Приставив трость к изножью, опускаюсь на непривычно жесткую кровать, укрываюсь тонким одеялом, зажмуриваюсь. Назойливо тикают настенные часы хозяйки, дождь барабанит по оцинкованному козырьку соседского балкона, ночь рассеивается, подступает мутный рассвет.

Мечусь и вздыхаю, оберегаю подживающую татуировку, стиснув зубы, пережидаю ломоту в костях, изнываю от пота, кружусь в водовороте событий и эмоций…

Ледяной пустой взгляд тревожит и не дает покоя.

…Ник — молчаливый, странный, мрачный, чужой… Поехавший.

— Чувак, ты вообще нормальный? — едва ворочаю парализованным языком, вытягиваю ватные ноги в покоцанных кедах и блаженно улыбаюсь.

Задницу греет раскаленная солнцем крыша, но остывающий красный шар уже ощутимо завалился к горизонту. Я сижу на сверкающем стекляшками рубероиде и рассматриваю длинные тени антенн, сиреневые шапки деревьев, окровавленное лезвие пруда вдали.

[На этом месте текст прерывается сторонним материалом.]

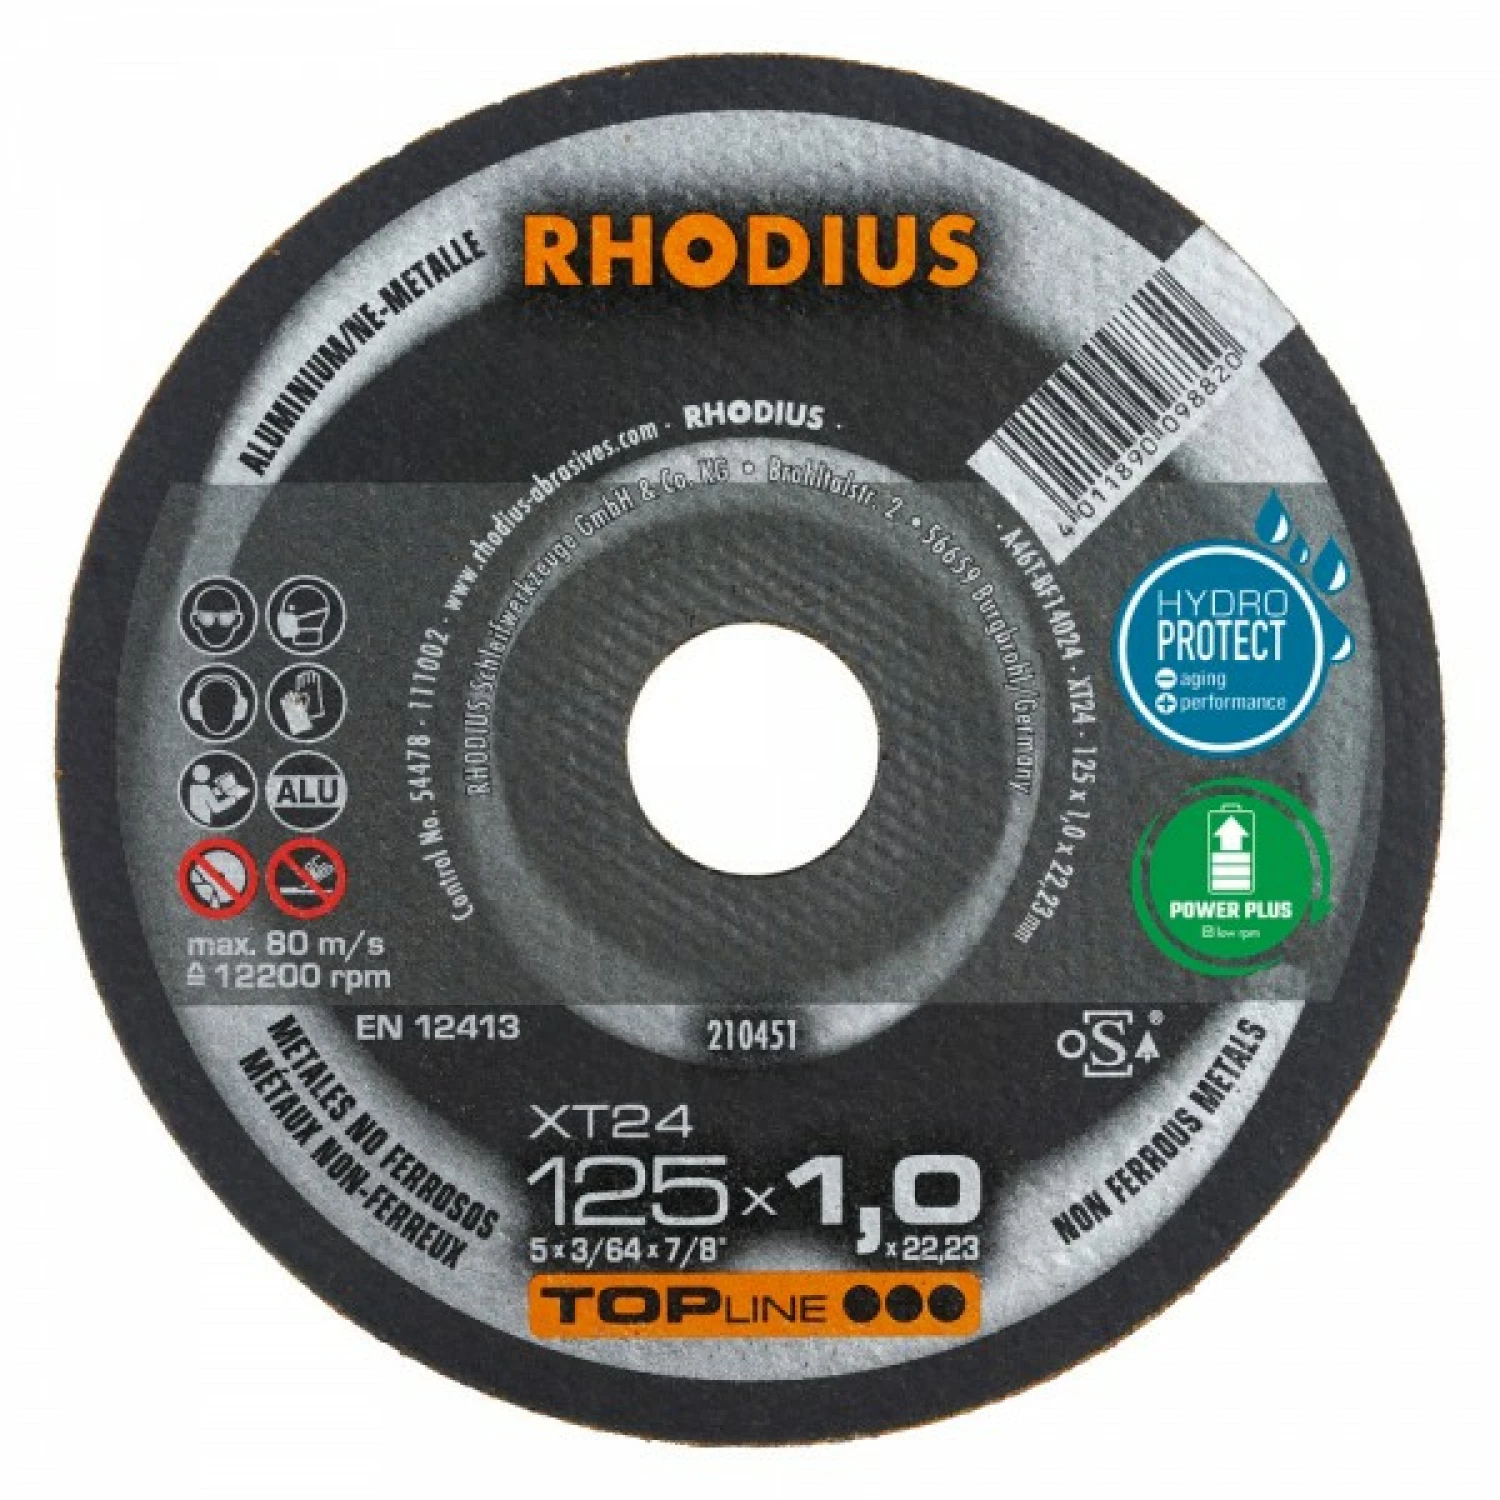 Rhodius 210451 XT24 TOPline lll Disque à tronçonner extra fin 125 x 22,23 x 1,0mm (50 pcs)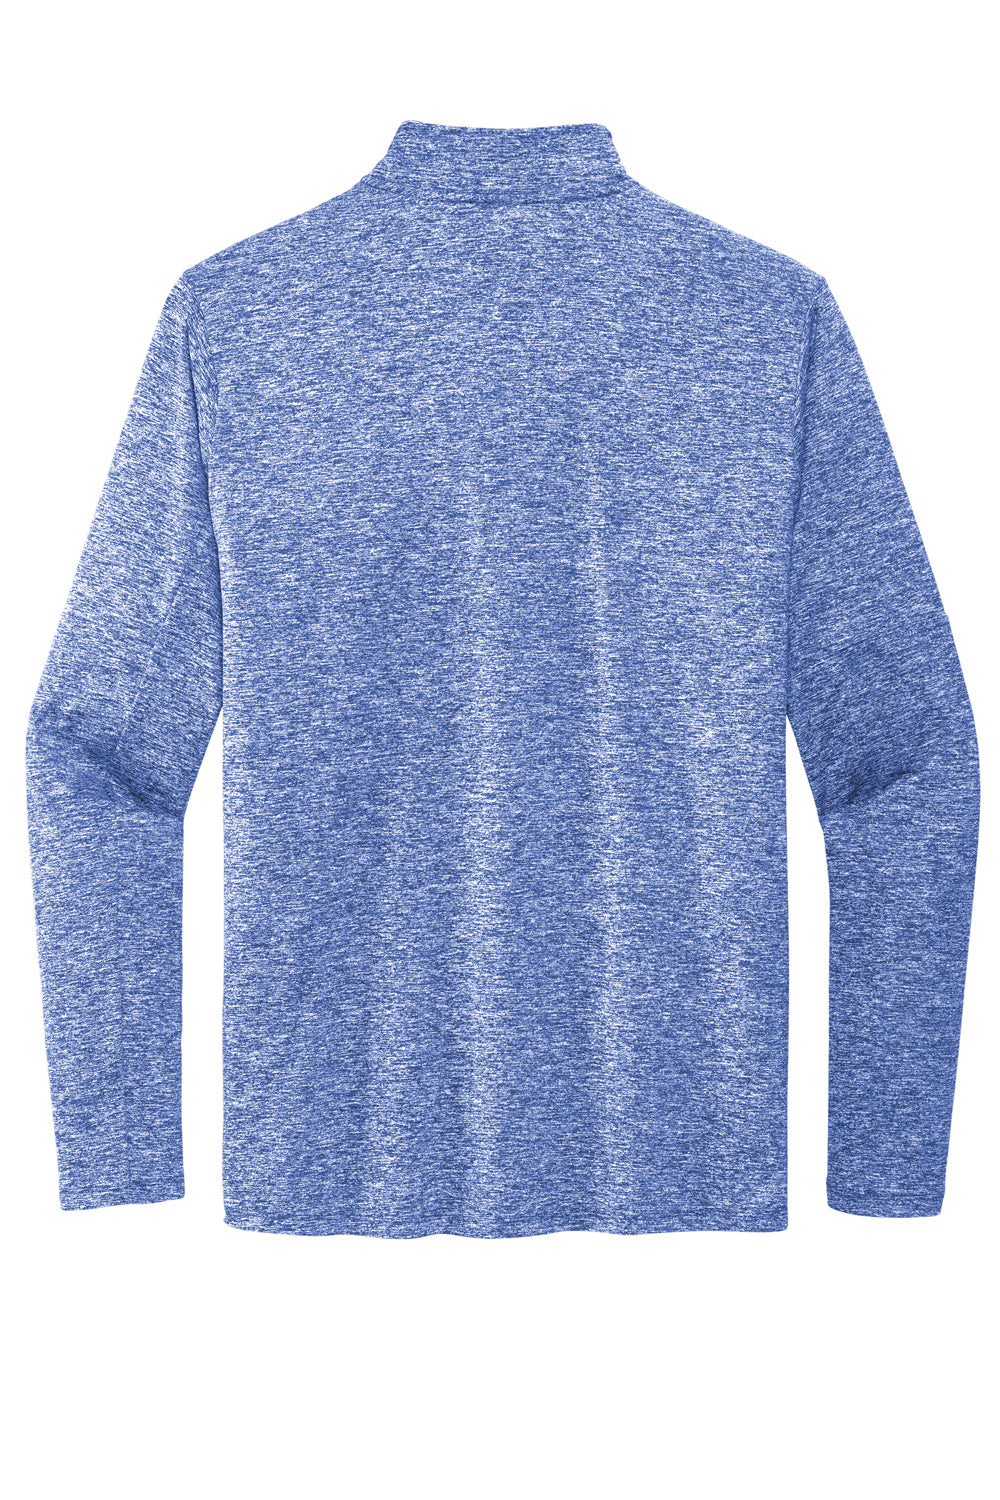 Nike NKDH4949 Mens Element Dri-Fit Moisture Wicking 1/4 Zip Sweatshirt Heather Royal Blue Flat Back

Я люблю эту крышу — все проблемы тут кажутся несущественными перед взором грозного космоса, наблюдающего за нами сквозь непрочную оболочку атмосферы.

Худой бледный парень в полосатом свитере и драных джинсах, явно косящий под Кобейна, заправляет за уши светлые патлы, запрокидывает голову и глушит «Три топора» прямо из горла.

— Когда это я был нормальным? Ни фига. И я это… уже в слюни, — признает он, яростно кивает и протягивает мне бутылку.

Перенимаю ее, от души прикладываюсь к вонючему пойлу, громко рыгаю, и мы ржем.

— Короче, это все хрень. Мы уделаем их, чувак, вот посмотришь! — клянусь я, переведя дух.

— Аминь! — Чувак не вяжет лыка, но показывает «козу» и лыбится.

— Скалься… А ты знаешь, что смех без причины — признак дурачины?.. — поучаю беззлобно, и он отмахивается:

— Да брось! Хочешь, я тебе прямо сейчас даты правления наших царей перечислю? Я вчера экзамен на «отлично» сдал.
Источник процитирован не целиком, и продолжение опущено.